NCBA profit up 20pc as Family Bank earnings dip to Sh1.4b

NCBA Group Managing Director John Gachora. [Jonah Onyango, Standard]

NCBA Bank has reported a 20.3 per cent growth in after-tax profit for the half year to June 30, shrugging off a drop in the revenues that the bank raked in from the Fuliza loan facility after a reduction in daily charges to borrowers.

This is as its rival Family Bank reported a drop in its profit, which it said was due to higher interest expenses.

NCBA said its net profit rose to Sh9.3 billion over the first half of this year, up from Sh7.8 billion last year.

Its assets grew nine per cent year on year to Sh660 billion, while customer deposits rose 10 per cent to Sh517 billion.

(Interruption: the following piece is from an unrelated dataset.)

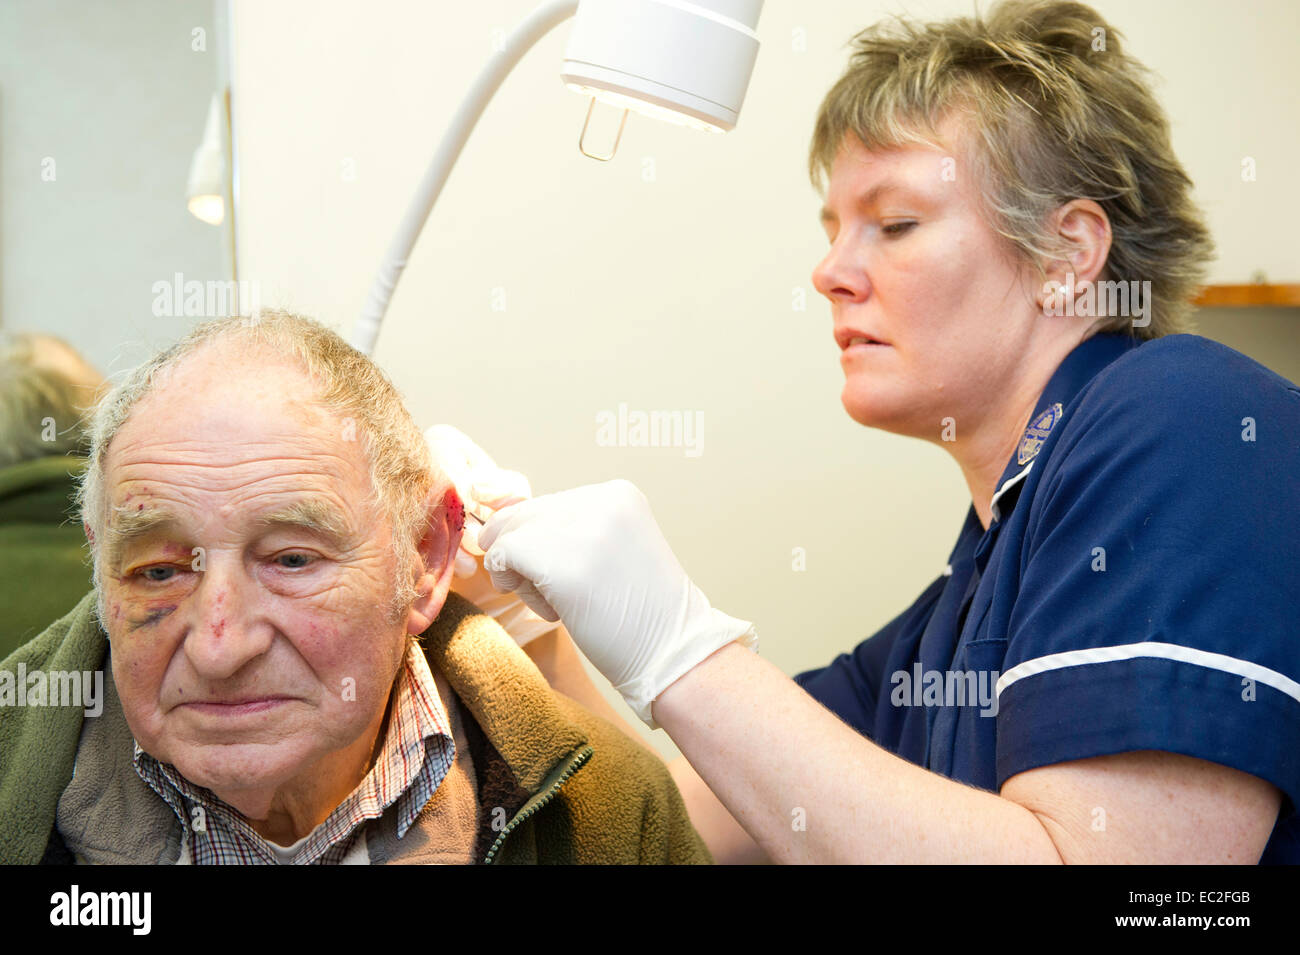 An NHS nurse examining a patient at a medical centre center Stock Photo

The bank’s earnings from its digital lending services suffered following the lowering of charges on the Fuliza overdraft facility it operates together with Safaricom and KCB Bank. 

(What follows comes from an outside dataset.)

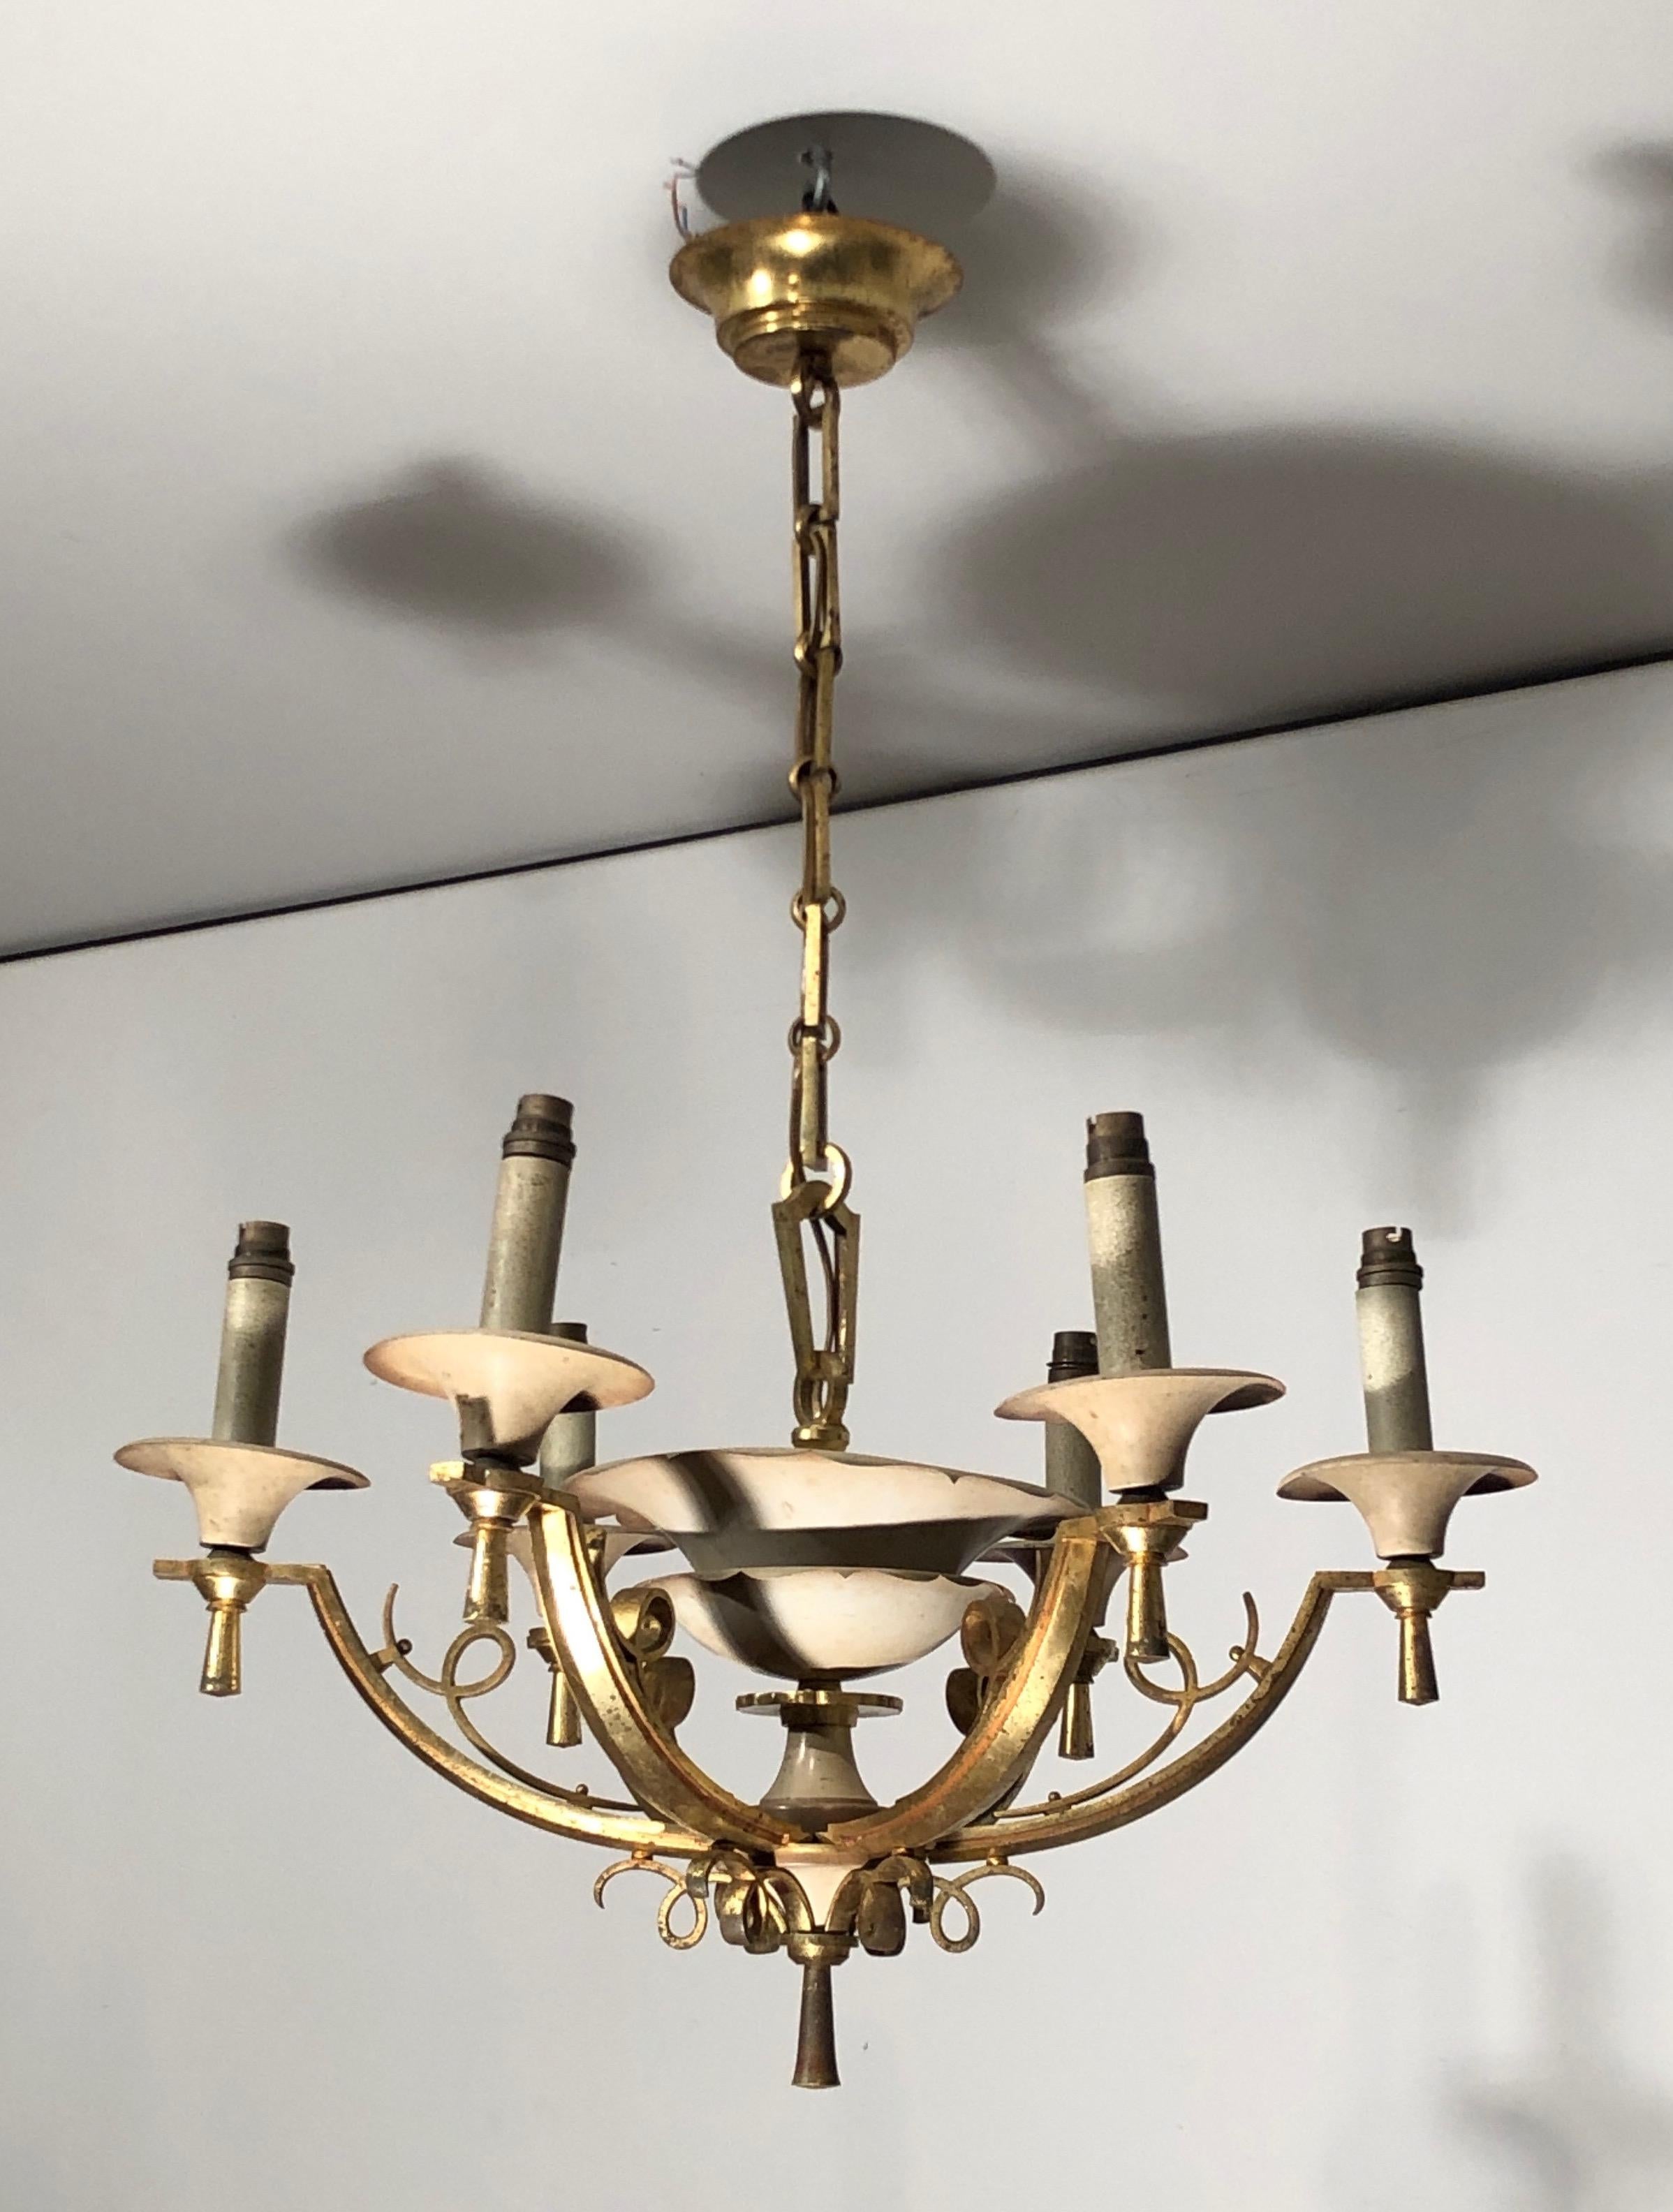 This very nice 6 lights chandelier. is made of acquered metal and brass. This is a French work. Circa 1940

Following a push by President William Ruto, the firms lowered the daily charges for Fuliza loans between Sh100 and Sh500 to Sh3 from Sh5. It also lowered the daily fees for loans between Sh500 and Sh1,000 to Sh6 from Sh10.

NCBA Thursday said its earnings from its digital business in Kenya, which includes Fuliza and M-Shwari, dropped to Sh821 million in the first half of this year from Sh1.8 billion over a similar half last year.

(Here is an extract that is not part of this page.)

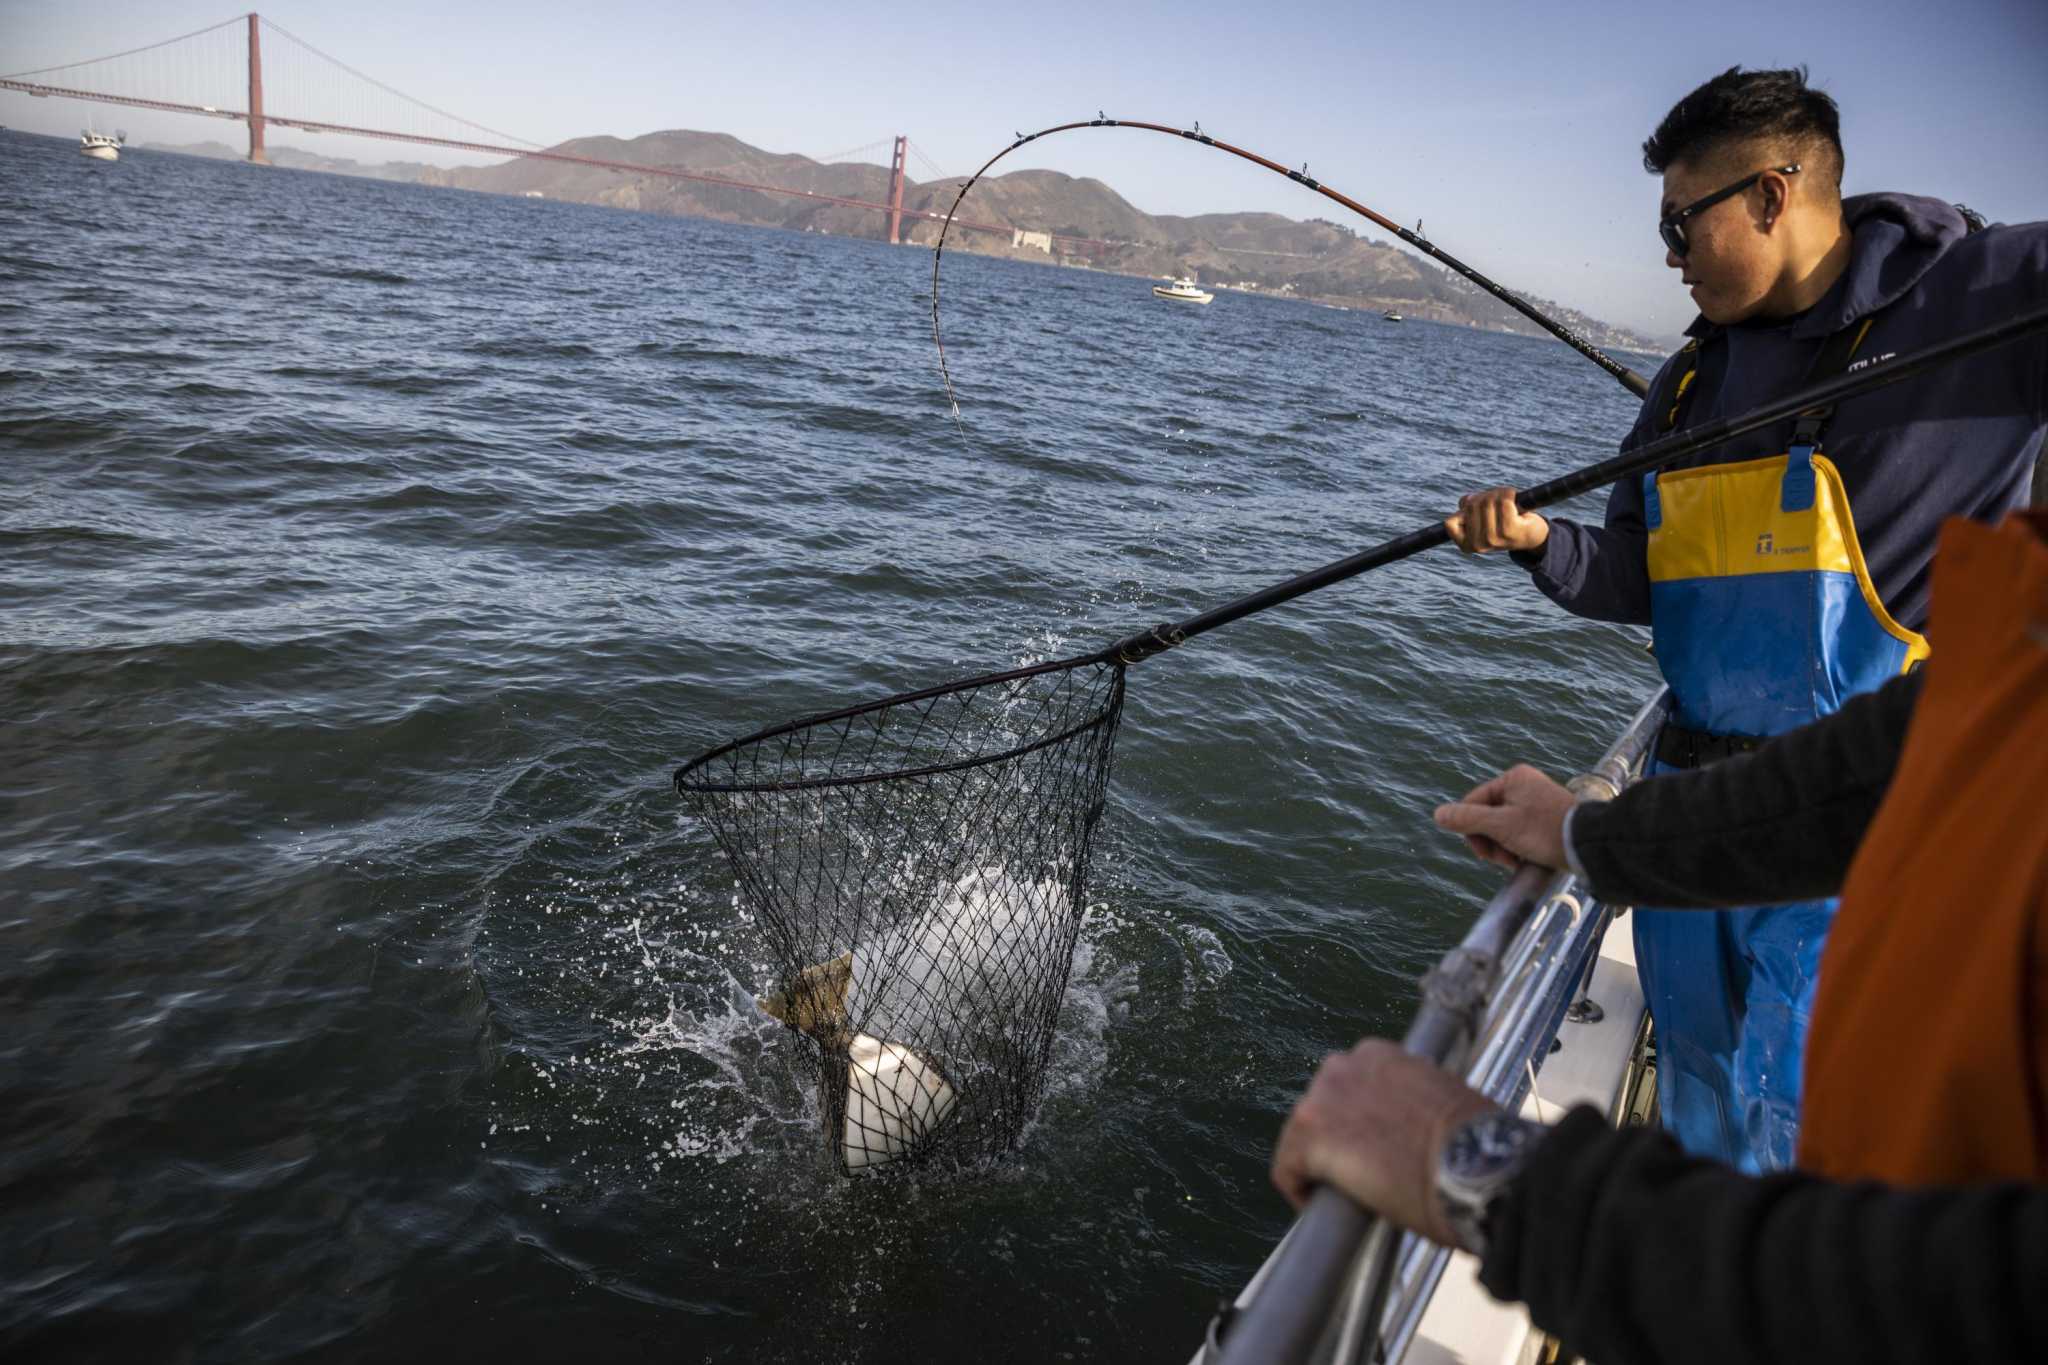 Halibut fishing is having moment in San Francisco Bay right now

“There were changes that were made to Fuliza, which we talked about at the end of last year, based on conversations about the tough economic period,” said NCBA Group Managing Director John Gachora.

He added that while there was a decline in earnings from digital loans, the disbursements remained high, with the bank disbursing Sh457 billion in digital loans, a 35 per cent increase year on year.

The bank’s board has recommended an interim dividend payout of Sh1.75 per share. 

At the same time, Family Bank reported a decline in profit after tax for the six-month period to Sh1.4 billion from Sh1.6 billion in the first half of last year.

This was despite the bank’s rise in interest income, which was dented by higher operating costs and rising interest income.

Interest income rose by 18.7 per cent to Sh7.3 billion, which Chief Executive Rebecca Mbithi said was on account of increased lending customers across all business segments and placements with other banking institutions.

The bank, however, saw a rise in interest expense, which grew by 38.9 per cent to Sh2.8 billion. Ms Mbithi said this was due to higher funding costs for deposits and borrowings on account of the tightening liquidity in the market.  

“Our focus as a Group in the first half of the year has been to support on-ward lending to our customers across diverse sectors of our economy given the tough economic conditions,” she said.